The answer must consist solely of the lines below starting at the one containing "labranda-costa-mogan-hotel-gran-canaria 3639" and ending at the one containing "Kaduna Park Masterplan", repeated exactly, with both ends included and all pictures omitted.

__Material for the task__:
§

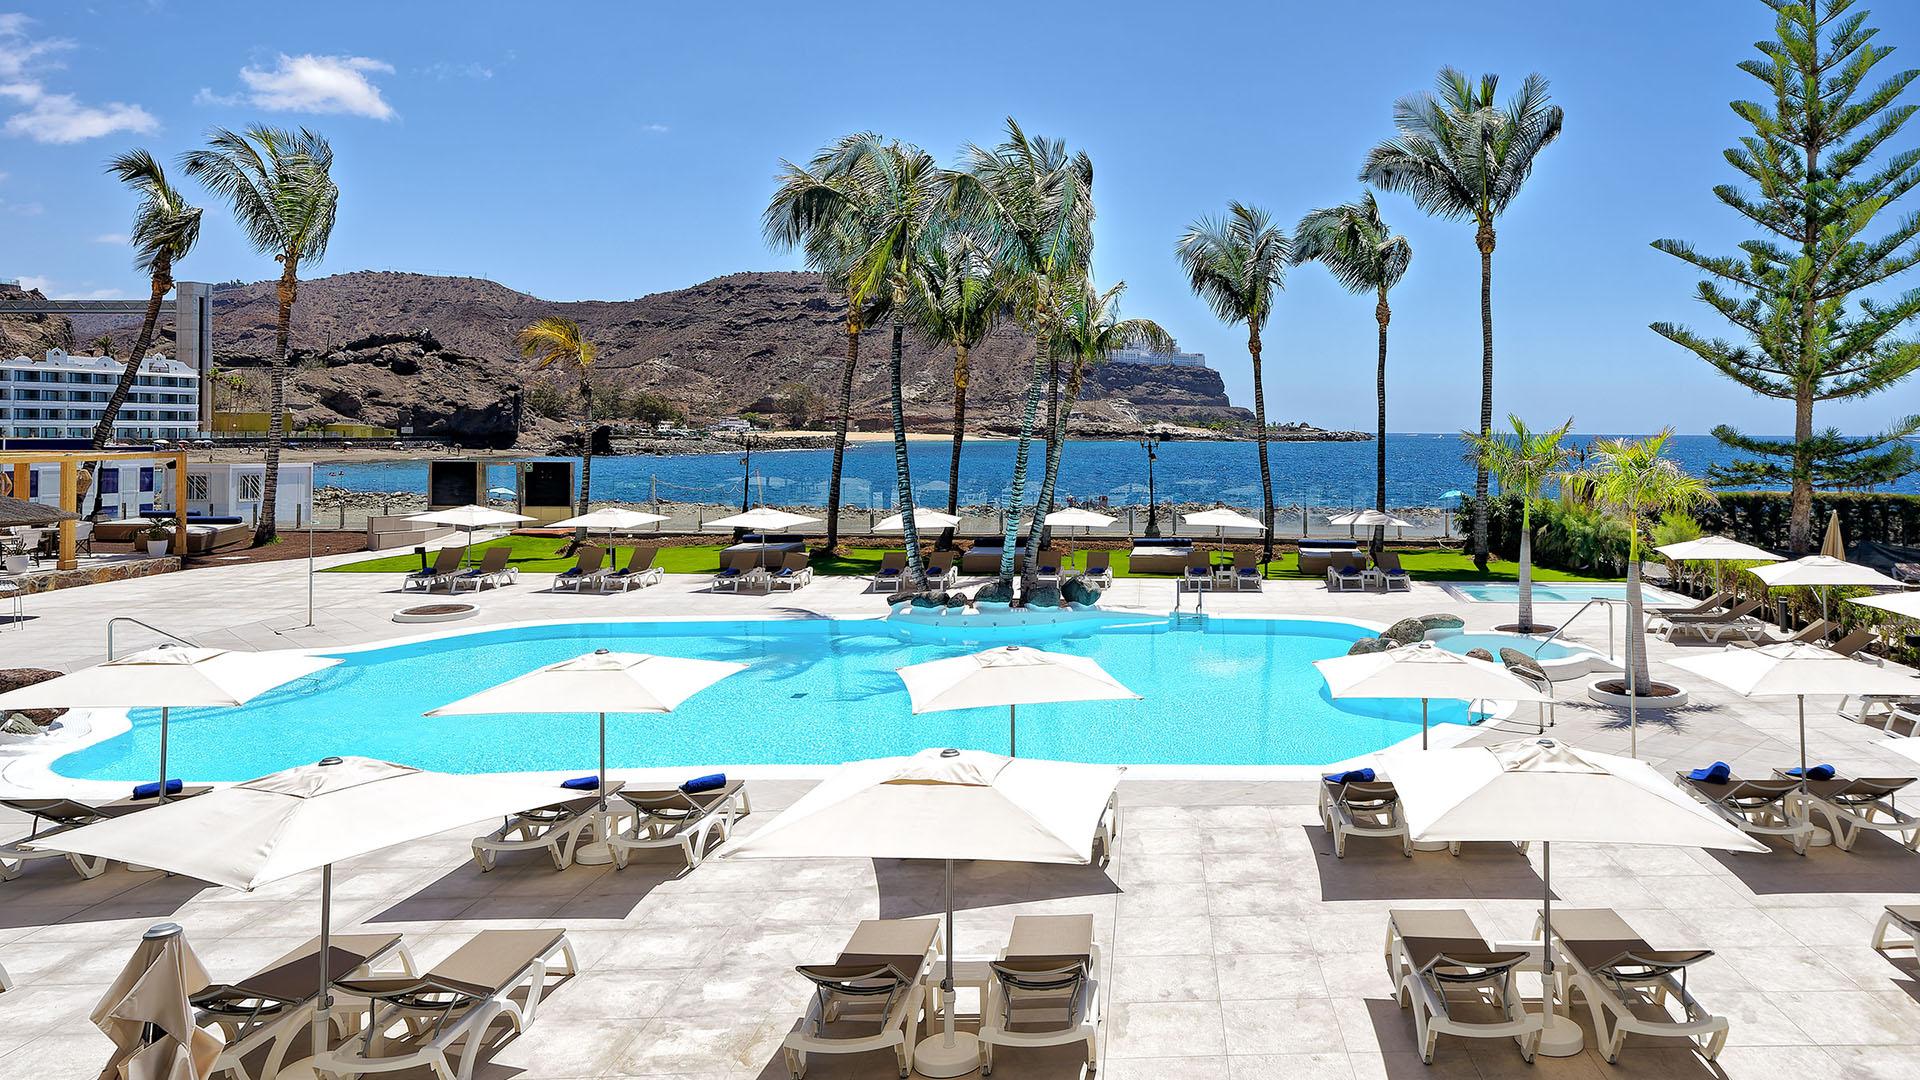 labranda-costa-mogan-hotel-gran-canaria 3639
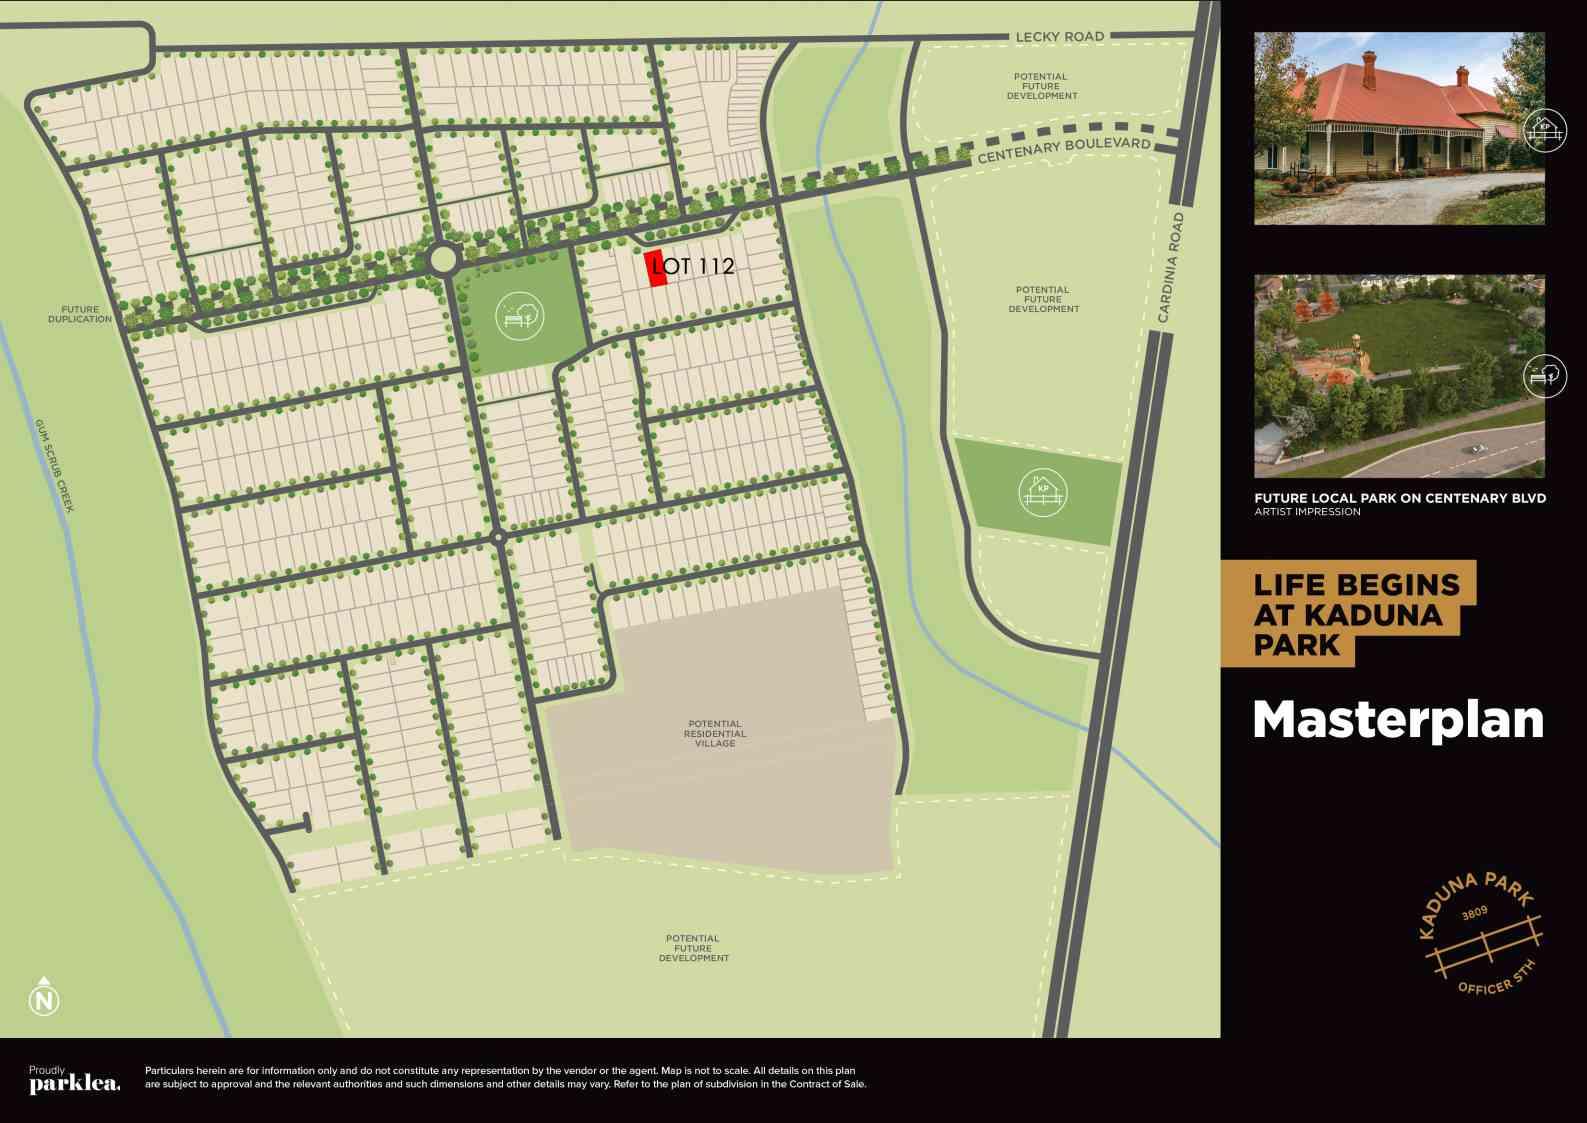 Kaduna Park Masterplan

§

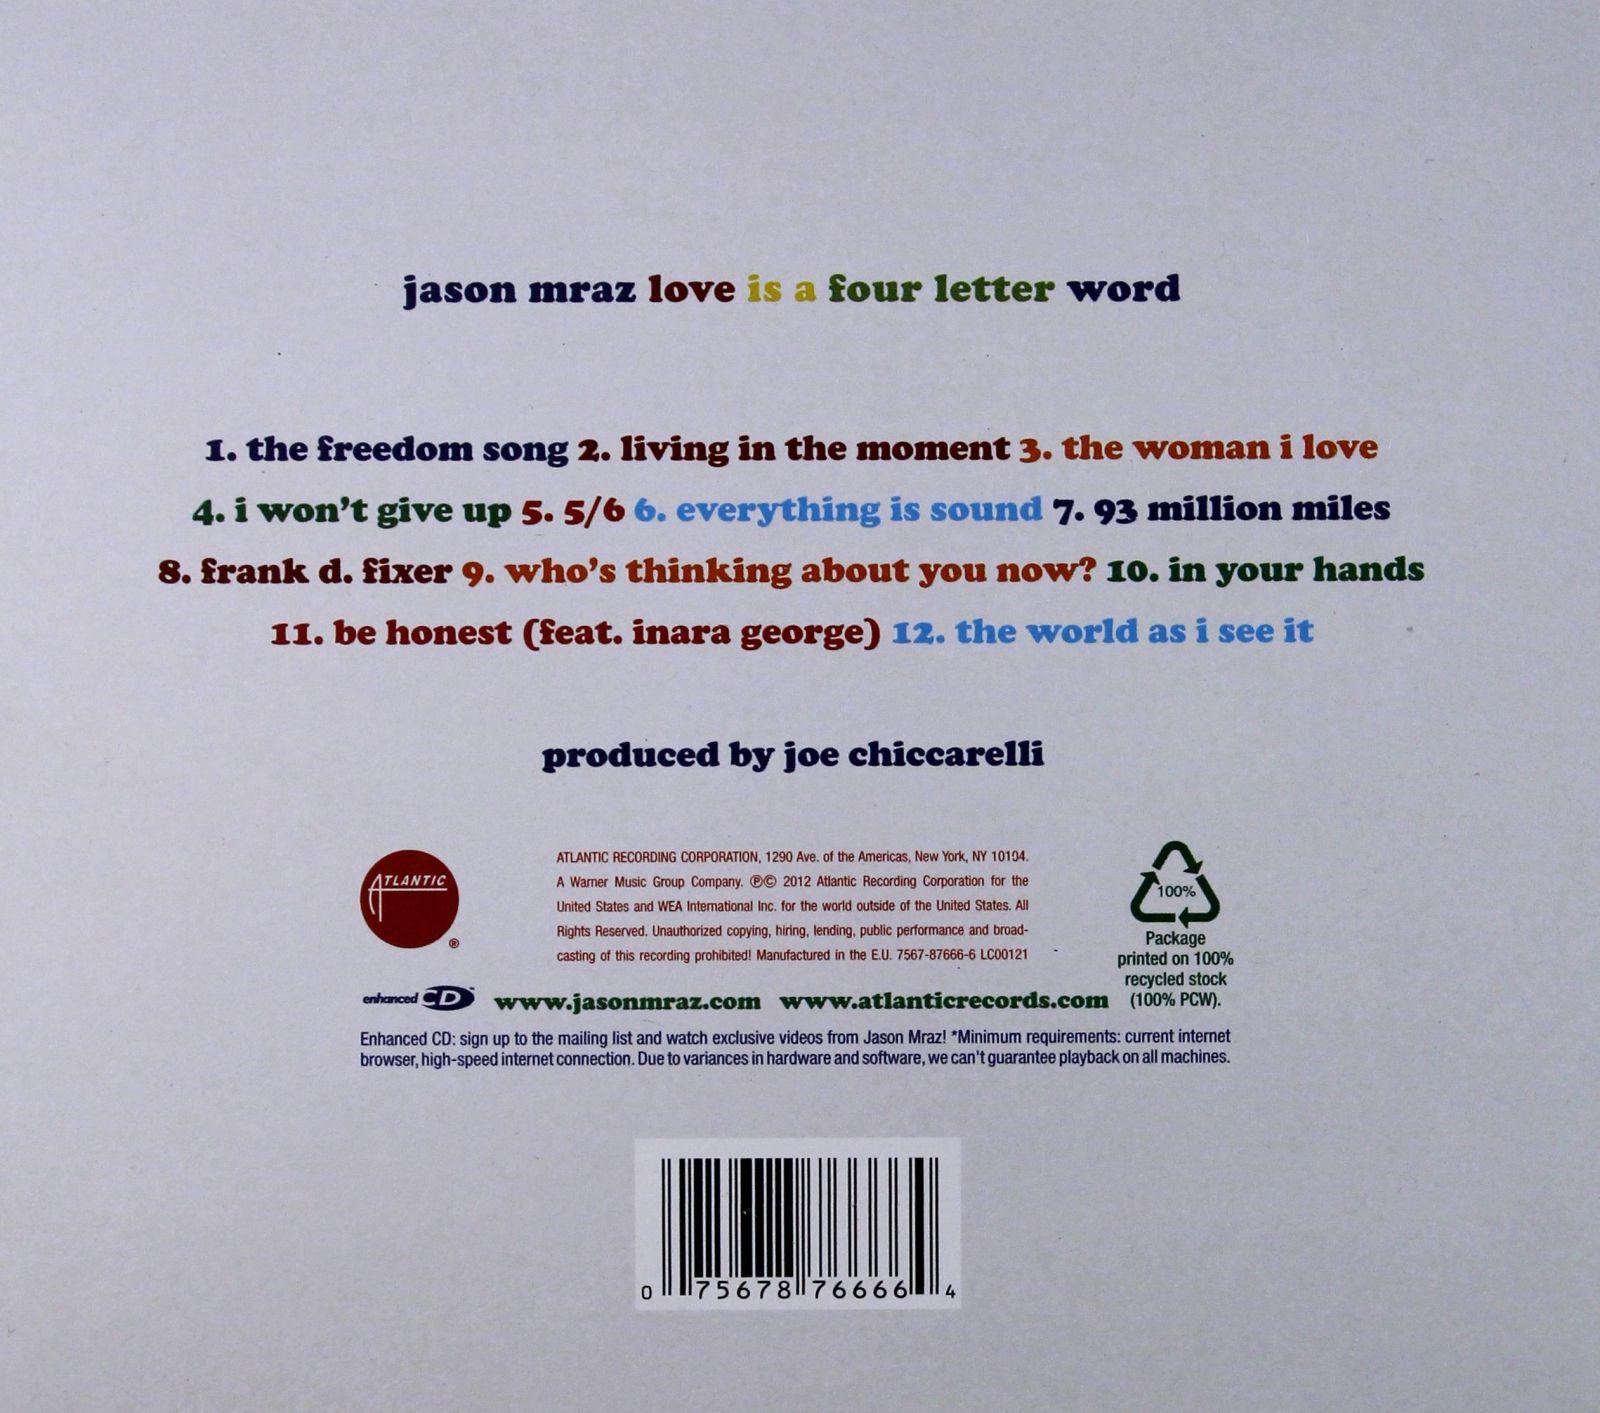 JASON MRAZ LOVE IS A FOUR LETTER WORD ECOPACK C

§

__Your solution__:
 labranda-costa-mogan-hotel-gran-canaria 3639
 Kaduna Park Masterplan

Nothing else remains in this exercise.